* [Goal of the exercise] Of the lines below, write out exactly those from the line with "CBAM: intervista a" through the line with "Eucerin® Photoaging Control", both included, and skip the rest.

*** Supplied material ***

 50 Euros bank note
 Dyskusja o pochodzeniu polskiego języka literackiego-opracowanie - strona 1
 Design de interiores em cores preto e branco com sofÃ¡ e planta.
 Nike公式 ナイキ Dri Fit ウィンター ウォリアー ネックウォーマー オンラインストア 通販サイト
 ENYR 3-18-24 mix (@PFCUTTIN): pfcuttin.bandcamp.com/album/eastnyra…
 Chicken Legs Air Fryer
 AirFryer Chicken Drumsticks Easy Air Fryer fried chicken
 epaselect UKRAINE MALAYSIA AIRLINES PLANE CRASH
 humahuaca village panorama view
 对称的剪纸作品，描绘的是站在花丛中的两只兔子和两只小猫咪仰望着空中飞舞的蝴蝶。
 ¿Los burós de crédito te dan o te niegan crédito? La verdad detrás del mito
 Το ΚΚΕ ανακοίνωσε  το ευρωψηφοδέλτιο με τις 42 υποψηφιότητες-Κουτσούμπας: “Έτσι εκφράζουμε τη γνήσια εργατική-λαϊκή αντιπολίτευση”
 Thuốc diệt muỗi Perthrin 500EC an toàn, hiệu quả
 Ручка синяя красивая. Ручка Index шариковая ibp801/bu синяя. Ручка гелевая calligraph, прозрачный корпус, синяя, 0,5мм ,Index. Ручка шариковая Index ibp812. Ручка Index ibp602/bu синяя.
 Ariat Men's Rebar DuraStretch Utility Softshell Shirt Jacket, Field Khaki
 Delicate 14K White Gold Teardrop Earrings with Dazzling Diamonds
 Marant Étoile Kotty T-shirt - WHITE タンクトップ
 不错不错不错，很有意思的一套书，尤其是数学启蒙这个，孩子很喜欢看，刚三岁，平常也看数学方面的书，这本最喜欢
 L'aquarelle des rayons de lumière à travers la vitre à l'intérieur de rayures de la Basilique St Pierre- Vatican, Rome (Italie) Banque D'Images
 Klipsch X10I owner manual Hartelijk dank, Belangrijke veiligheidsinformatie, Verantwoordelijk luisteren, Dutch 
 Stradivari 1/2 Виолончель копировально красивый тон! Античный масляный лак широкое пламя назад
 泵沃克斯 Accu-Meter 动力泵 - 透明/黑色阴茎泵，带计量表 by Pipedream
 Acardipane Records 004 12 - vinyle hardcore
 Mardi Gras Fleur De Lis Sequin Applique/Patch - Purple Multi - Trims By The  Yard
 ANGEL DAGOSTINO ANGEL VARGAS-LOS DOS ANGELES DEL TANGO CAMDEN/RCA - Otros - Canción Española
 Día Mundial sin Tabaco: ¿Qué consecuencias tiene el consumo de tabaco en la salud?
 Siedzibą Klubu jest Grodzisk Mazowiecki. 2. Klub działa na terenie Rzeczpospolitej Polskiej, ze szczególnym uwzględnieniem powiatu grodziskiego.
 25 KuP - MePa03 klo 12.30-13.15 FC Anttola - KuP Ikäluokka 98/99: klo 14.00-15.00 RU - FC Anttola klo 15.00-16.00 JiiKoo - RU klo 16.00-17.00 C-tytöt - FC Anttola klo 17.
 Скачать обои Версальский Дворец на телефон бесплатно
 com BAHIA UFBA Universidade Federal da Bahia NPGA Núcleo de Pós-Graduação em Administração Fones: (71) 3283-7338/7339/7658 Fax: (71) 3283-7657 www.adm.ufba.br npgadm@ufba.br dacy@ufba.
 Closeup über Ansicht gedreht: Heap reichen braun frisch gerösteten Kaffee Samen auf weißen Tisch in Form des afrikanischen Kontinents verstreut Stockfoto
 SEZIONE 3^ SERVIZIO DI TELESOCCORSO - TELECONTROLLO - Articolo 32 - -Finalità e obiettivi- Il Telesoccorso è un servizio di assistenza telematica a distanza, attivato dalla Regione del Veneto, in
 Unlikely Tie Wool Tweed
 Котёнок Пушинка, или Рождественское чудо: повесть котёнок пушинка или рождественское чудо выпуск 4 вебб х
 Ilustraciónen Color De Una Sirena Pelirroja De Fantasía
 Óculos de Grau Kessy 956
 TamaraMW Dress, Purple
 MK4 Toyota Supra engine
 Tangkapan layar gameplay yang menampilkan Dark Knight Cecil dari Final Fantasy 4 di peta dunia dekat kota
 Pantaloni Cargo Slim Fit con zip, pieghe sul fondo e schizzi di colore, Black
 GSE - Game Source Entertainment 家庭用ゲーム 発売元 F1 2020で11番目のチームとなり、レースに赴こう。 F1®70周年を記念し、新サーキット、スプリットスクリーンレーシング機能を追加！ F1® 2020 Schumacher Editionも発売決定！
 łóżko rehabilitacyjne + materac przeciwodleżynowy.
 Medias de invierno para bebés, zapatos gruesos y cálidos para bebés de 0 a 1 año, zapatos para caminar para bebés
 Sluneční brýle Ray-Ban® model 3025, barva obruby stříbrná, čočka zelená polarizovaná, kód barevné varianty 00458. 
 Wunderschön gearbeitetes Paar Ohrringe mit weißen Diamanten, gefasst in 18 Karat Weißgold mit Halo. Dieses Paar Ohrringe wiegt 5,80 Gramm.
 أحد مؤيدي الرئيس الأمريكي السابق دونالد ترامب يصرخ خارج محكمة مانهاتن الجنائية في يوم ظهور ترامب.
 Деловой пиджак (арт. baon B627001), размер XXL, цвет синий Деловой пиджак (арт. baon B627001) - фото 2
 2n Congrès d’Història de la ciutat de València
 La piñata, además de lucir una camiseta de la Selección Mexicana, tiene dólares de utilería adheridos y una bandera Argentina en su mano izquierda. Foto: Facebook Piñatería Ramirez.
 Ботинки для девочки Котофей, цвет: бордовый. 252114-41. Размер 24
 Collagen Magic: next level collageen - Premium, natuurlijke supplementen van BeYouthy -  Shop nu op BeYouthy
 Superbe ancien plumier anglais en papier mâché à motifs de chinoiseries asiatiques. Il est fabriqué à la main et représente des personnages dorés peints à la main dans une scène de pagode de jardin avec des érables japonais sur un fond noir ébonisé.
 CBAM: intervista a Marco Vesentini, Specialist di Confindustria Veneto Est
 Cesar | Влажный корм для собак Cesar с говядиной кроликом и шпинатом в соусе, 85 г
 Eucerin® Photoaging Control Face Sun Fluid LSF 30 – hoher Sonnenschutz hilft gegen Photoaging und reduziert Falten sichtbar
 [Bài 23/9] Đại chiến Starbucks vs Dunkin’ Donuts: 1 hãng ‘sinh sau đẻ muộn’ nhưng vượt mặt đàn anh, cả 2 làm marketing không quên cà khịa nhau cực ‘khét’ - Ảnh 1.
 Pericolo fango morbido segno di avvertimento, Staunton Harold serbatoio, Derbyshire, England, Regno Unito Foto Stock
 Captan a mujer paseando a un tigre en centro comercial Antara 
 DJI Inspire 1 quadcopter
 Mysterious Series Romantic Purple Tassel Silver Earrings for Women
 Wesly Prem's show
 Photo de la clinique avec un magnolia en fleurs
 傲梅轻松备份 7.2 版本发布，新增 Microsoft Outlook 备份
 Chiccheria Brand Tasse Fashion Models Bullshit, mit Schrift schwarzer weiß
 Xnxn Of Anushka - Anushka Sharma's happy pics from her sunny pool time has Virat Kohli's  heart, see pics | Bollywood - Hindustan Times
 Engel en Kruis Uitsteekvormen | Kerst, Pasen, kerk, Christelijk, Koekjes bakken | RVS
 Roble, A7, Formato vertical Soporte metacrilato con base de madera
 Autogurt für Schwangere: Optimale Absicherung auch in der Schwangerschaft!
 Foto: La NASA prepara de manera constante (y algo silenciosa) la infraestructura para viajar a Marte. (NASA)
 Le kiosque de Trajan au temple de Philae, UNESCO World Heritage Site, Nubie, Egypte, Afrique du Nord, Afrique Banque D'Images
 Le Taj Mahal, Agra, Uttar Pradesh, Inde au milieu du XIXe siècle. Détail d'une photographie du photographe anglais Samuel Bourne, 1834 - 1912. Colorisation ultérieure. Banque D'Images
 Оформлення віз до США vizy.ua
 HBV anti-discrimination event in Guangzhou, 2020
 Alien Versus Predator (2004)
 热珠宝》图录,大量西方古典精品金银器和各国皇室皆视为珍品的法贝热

***

* [Final answer]
 CBAM: intervista a Marco Vesentini, Specialist di Confindustria Veneto Est
 Cesar | Влажный корм для собак Cesar с говядиной кроликом и шпинатом в соусе, 85 г
 Eucerin® Photoaging Control Face Sun Fluid LSF 30 – hoher Sonnenschutz hilft gegen Photoaging und reduziert Falten sichtbar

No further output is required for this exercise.